I wanted to build a chat that could answer questions about a religious knowledge base: 34 books of Christian spiritualist theology and over 6,000 YouTube lecture transcripts. The kind of thing where you ask "what does this tradition teach about the afterlife?" and it pulls the relevant passages from the source texts, cites the chapter and page number, and synthesizes an answer.
Every RAG tutorial I found started the same way: Python, LangChain, Pinecone or Weaviate, OpenAI embeddings. A whole separate stack from the Rails app that would actually serve the chat. I didn't want to run two runtimes, maintain two deployment pipelines, or learn a framework just to glue an LLM to a database query.
So I built the entire pipeline in Rails. The app is called Guia, and the RAG architecture uses four components: pdf-reader for text extraction, Ollama for local embeddings, pgvector for similarity search, and RubyLLM with Groq for chat completions. No Python. No LangChain. No hosted vector database. Deployed on a single server with Kamal.
The data model
The knowledge base has two types of content: books and videos. Both get chunked into embeddable pieces and stored with their vector representations.
# Books → BookChunks (with embedding)
# Videos → VideoChunks (with embedding)
Each chunk stores the text content, positional metadata (page numbers for books, timestamps for videos), and a 1024-dimension vector embedding. The schema looks like this:
create_table "book_chunks" do |t|
t.references :book
t.text :content
t.string :chapter
t.string :section
t.integer :page_start
t.integer :page_end
t.integer :position
t.integer :tokens_count
t.vector :embedding, limit: 1024
end
create_table "video_chunks" do |t|
t.references :video
t.text :content
t.integer :time_start # milliseconds
t.integer :time_end
t.integer :position
t.integer :tokens_count
t.vector :embedding, limit: 1024
end
The vector column type comes from pgvector, PostgreSQL's vector similarity extension. You enable it with enable_extension "vector" in a migration, and you're done. No separate database, no external service. Your vectors live right next to your data.
Chunking: the part that actually matters
I spent more time on chunking than on any other part of the pipeline. Chunk too large and you dilute the embedding with irrelevant context. Chunk too small and you lose coherence. The sweet spot for this content was around 500 tokens with 50 tokens of overlap between consecutive chunks.
module ChunkingSupport
CHUNK_SIZE = 500
CHUNK_OVERLAP = 50
CHARS_PER_TOKEN = 4 # rough approximation
def estimated_tokens(text)
(text.length.to_f / CHARS_PER_TOKEN).ceil
end
end
The token estimation is deliberately rough. Counting actual tokens would require running the tokenizer for the embedding model, and the precision doesn't matter here. You're aiming for a ballpark, not an exact count. If your chunks land between 400 and 600 tokens, you're fine.
For books, the chunking gets interesting because not all books have the same structure. Some are Q&A dialog format: numbered questions with authored responses. Others use traditional chapters with numbered paragraphs. Others are straight narrative prose. A single chunking strategy doesn't work for all of them.
I built a ChapterDetector that samples the first 15 pages and picks a strategy:
module ChapterDetector
def self.for(pages)
sample = pages.first(15).map { |p| p[:text] }.join("\n")
has_capitulo = sample.match?(/CAP[ÍI]TULO\s+[IVXLCDM]+/i)
has_questions = sample.scan(/^\d+\.\s/).size >= 5
if has_capitulo && has_questions
QAndA.new(section_prefix: "Q.")
elsif has_capitulo
ChapterBased.new(section_prefix: "§")
else
Narrative.new
end
end
end
The Q&A detector matches chapter headings and numbered questions. The Narrative detector looks for numbered titles, Roman numeral headings, and all-caps section headers. Each strategy returns chapter and section labels that get stored on the chunk, so when the chat references a passage, it can say "Chapter III, Q. 132" instead of just "page 47."

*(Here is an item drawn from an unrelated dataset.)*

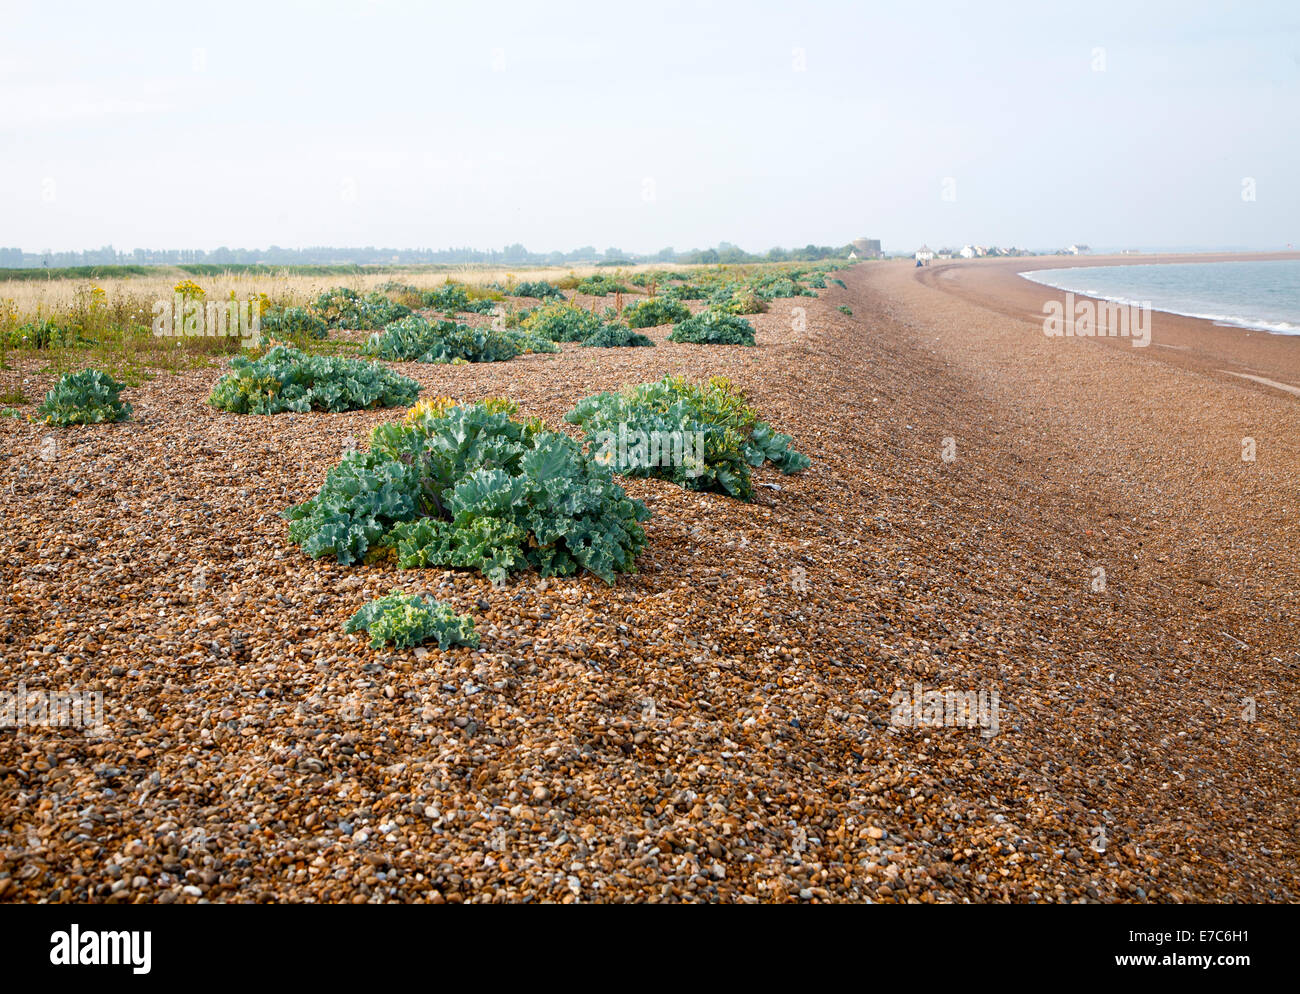 Vegetated shingle ecosystem with sea kale, Crambe maritime, growing at Shingle Street, Suffolk, England - Stock Image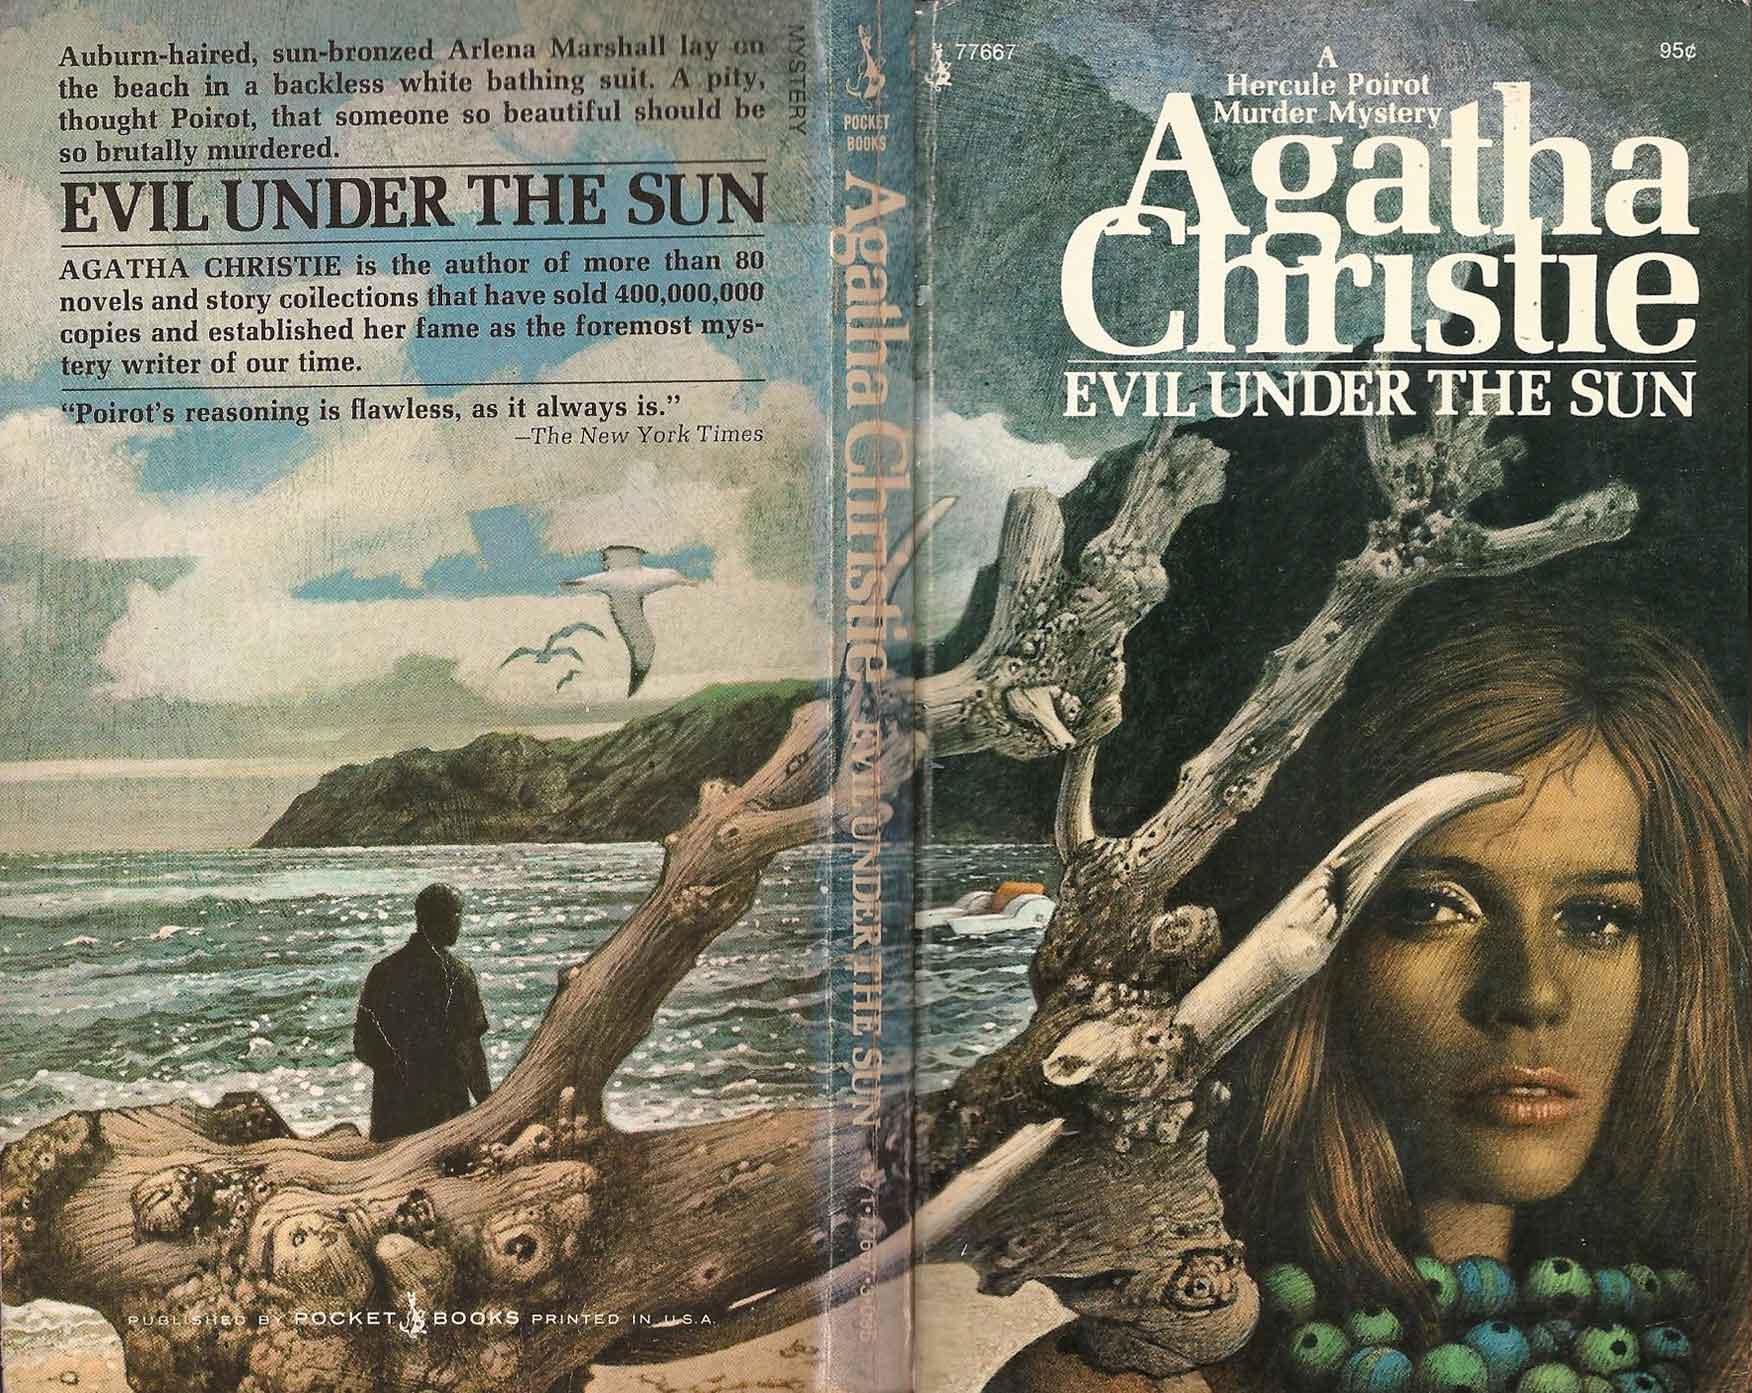 Agatha Christie Tom Adams Evil Under the Sun Pocket Books sm

This detection runs automatically during processing. Adding a new book doesn't require manual configuration. Drop the PDF in, and the processor figures out which strategy to use.
For videos, chunking is simpler. The raw transcript is an array of timed segments from YouTube's caption track. The processor concatenates segments until it hits the token target, records the start and end timestamps, and moves on. Each video chunk knows exactly which moment in the video it came from.
Embeddings with Ollama
The embedding model is bge-m3, a multilingual model that produces 1024-dimension vectors. It runs locally via Ollama. No API calls, no per-token billing, no rate limits.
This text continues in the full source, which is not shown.